The Commercial Revolution was a period in European history starting in the middle of the Crusade era during the late 13th Century and lasting until the early 18th Century. The lead up to this period started off with Europeans rediscovering rare commodities that had been lost since the fall of the Western Roman Empire (27-476) and coming into contact with new ideas on the cultural, economic, military and political fronts through the Crusades (1095-1291). The reason for this was that Europe came into prolonged contact with the various Muslim empires in North Africa, the Middle East, and Central Asia, as well as the Mongol Empire (1206-1368) and the Byzantine Empire (330-1453). All of these new ideas and goods got the Europeans to have increased interest in commerce that led to voyages being undertaken by the powers of Europe to try to find new trade routes to Africa and Asia. The need for new trade routes was also needed after the Byzantine Empire fell to the Ottoman Empire (1299-1923), which cut off many previous overland trade routes to greater Asia. This of course led to Christopher Columbus (1451-1506) trying to find a new route to India by sailing across the ocean, where he discovered the New World and went back to Europe to spread the news. This then set the stage for the bulk of the Commercial Revolution in terms of economics, trading, goods and political and socioeconomic changes.
The Commercial Revolution, Mercantilism, and Trade
During the Commercial Revolution, there was a higher level of trade and wealth pouring into European nations than ever before, and in response to this, many new economic ideas sprang up while certain old ones were revived. The economic theory and practice of mercantilism arose in the 15th Century in Europe and was the major economic practice until the Commercial Revolution ended that governed nations. Mercantilism was an economic system that preached that state power is increased at the expense of rival countries, that monetary reserves are amassed through a positive trade balance and that colonies existed for the benefit of the mother country. The Commercial Revolution also brought about the modern banking system, high inflation due to the massive influx of silver and gold, joint stock companies and stock exchanges to manage risk and the rise of economic theory in Europe. There were also the rise of Charted Companies, like the Dutch East India Company, which in many ways were the first large corporations. All of these economic changes and innovations came about due to the vastly increased trade Europeans where doing via their colonies in the New World and especially with India and East Asia as they came up with ways to manage and control all this new wealth.
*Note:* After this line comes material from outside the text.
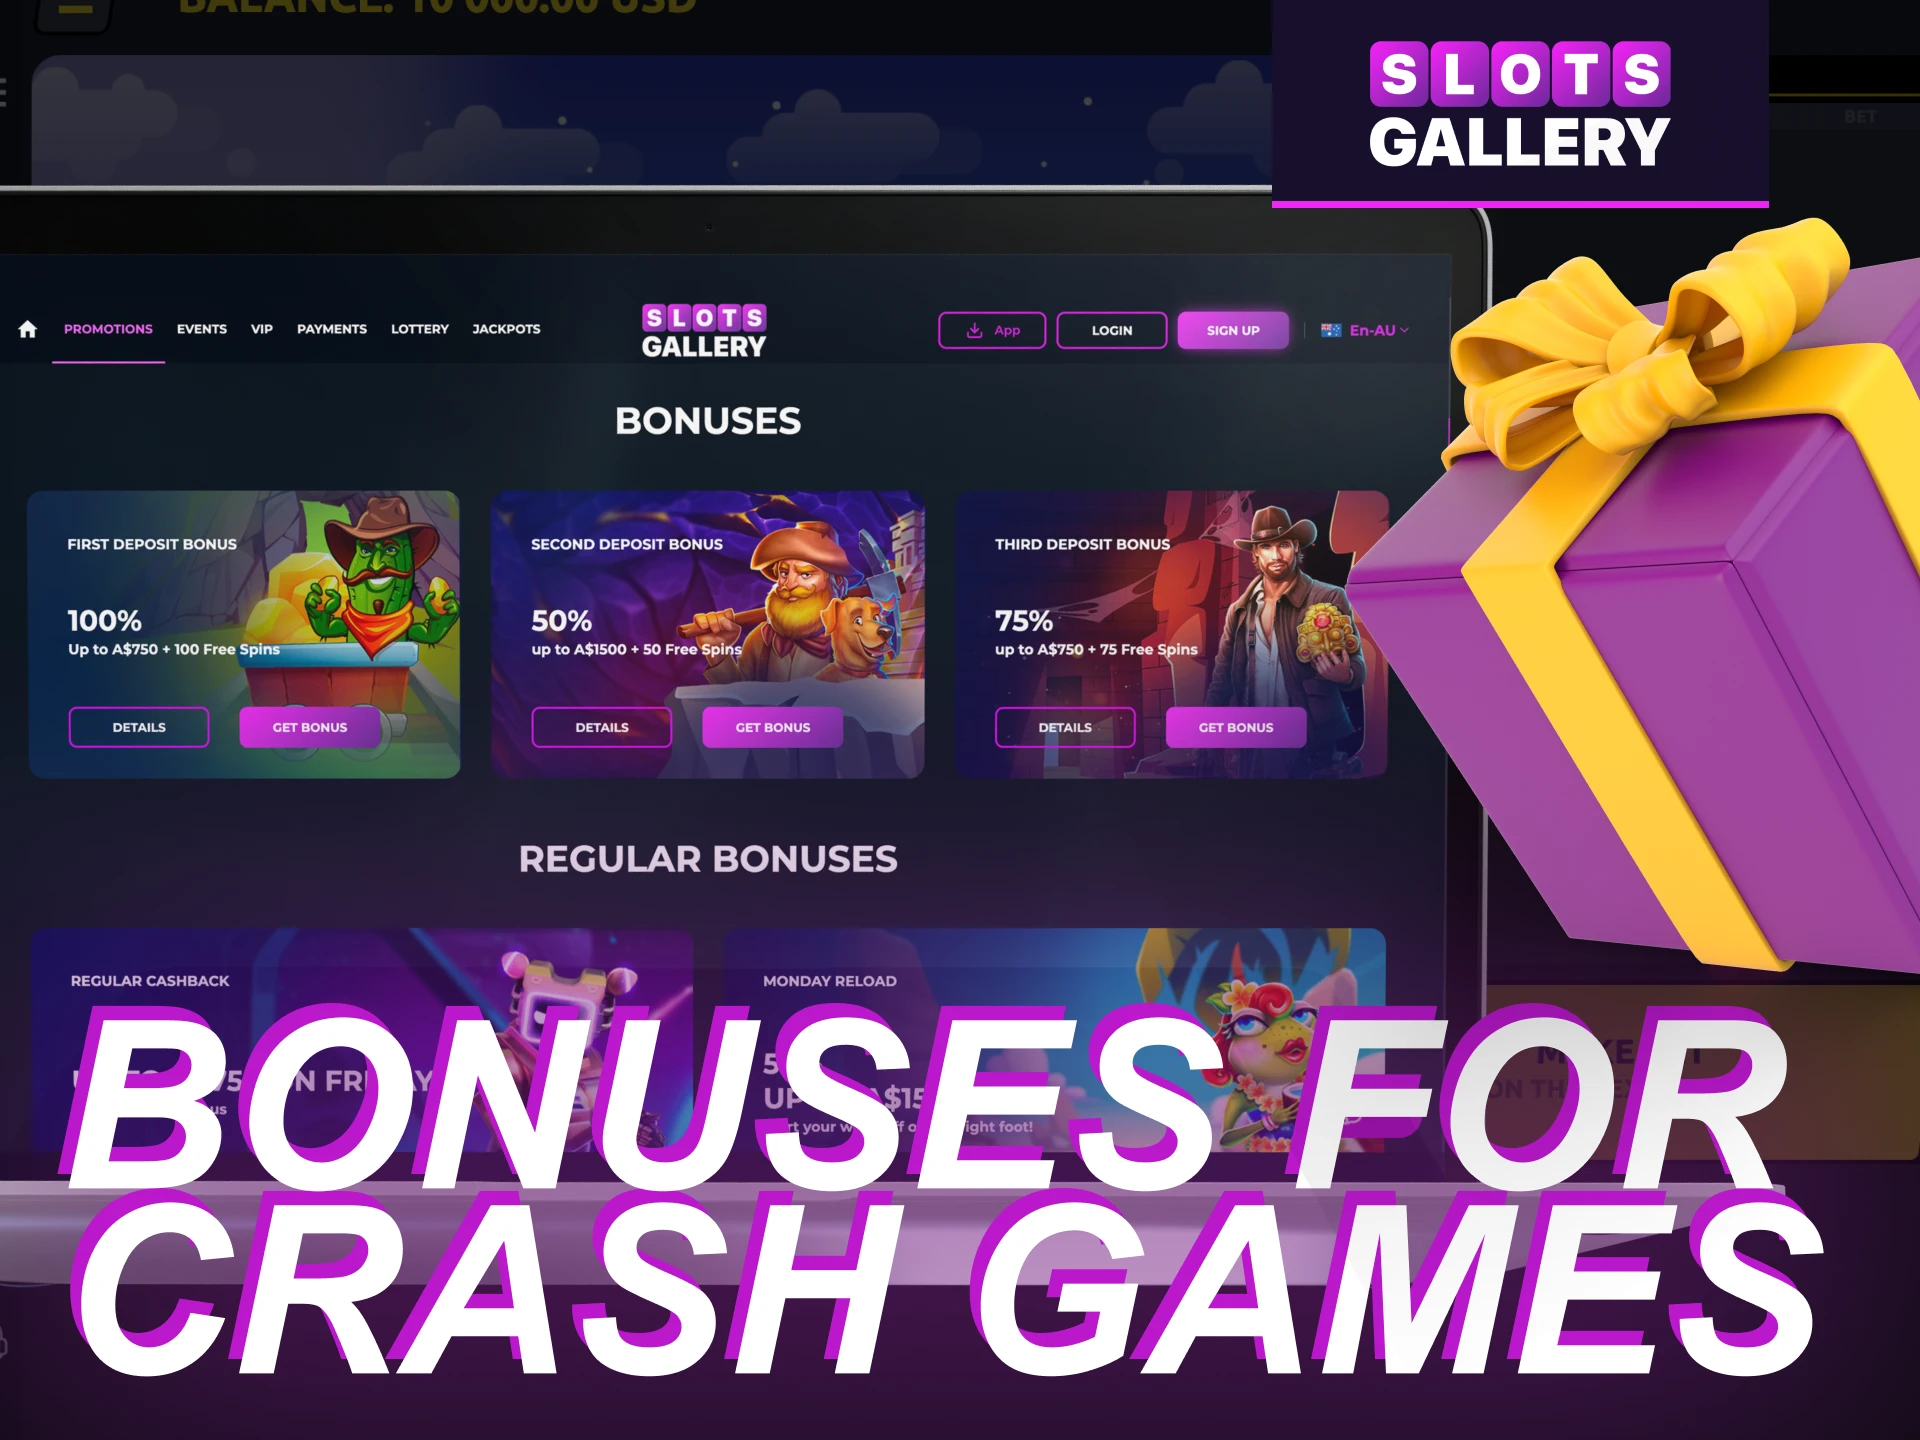 Can I get a bonus in crash games at the online casino Slots Gallery.

New Goods Introduced to Europe with the Commercial Revolution
Due to the increased trade that Europeans were performing during the Commercial Revolution, they were able to rediscover exotic, rare commodities such as silk and spices that had not really been seen in the region since the rule of the Roman Empire. On top of these rediscovered Old World commodities, the discovery of the New World by Columbus in 1492 opened up their market to an array of unseen materials and food. Through the New World and their colonies in them the Europeans brought back many new food items that had previously been unknown to them like corn, cocoa, potatoes and tomatoes. They also brought back many furs, pelts and skins from the colonies, like beaver and deer. It was also during this time that the Europeans acquired a taste for tea and porcelain, among other commodities and goods from China and the rest of East Asia.
What Was The Commercial Revolution In Pre-Modern Europe?
The Commercial Revolution refers to a long period in European history lasting from the 11th century to the mid-18th century during which time a stable and prospering European economy based on trade was established. It ended with the start of the Industrial Revolution that ushered in a new era of change in Europe.
Socioeconomic and Geopolitical Shifts
The period during the Commercial Revolution following Columbus's discovery of the New World led to many geopolitical changes on both sides of the Atlantic. In Europe great empires like the British Empire, Spanish Empire, Portuguese Empire and French Empire would rise while the native Indians had their land taken and got wiped out by diseases from Europe. These period also saw political changes, giving more power to monarchs, creating more efficient political bureaucracies and reducing the political power of the clergy, pope, nobility and knights. For common people the colonies gave them a change start a new life and get away from Europe. There was now increased food and wealth coming into Europe, along with people leaving for the New World, which allowed for bigger families and an increased population. There was also economic prosperity as people in Europe could get into a small middle class as traders, merchants or by focusing on a specialized skill like being a blacksmith or silversmith. This led people to have a chance for a better quality life, although most people still lived as poor, farming peasants.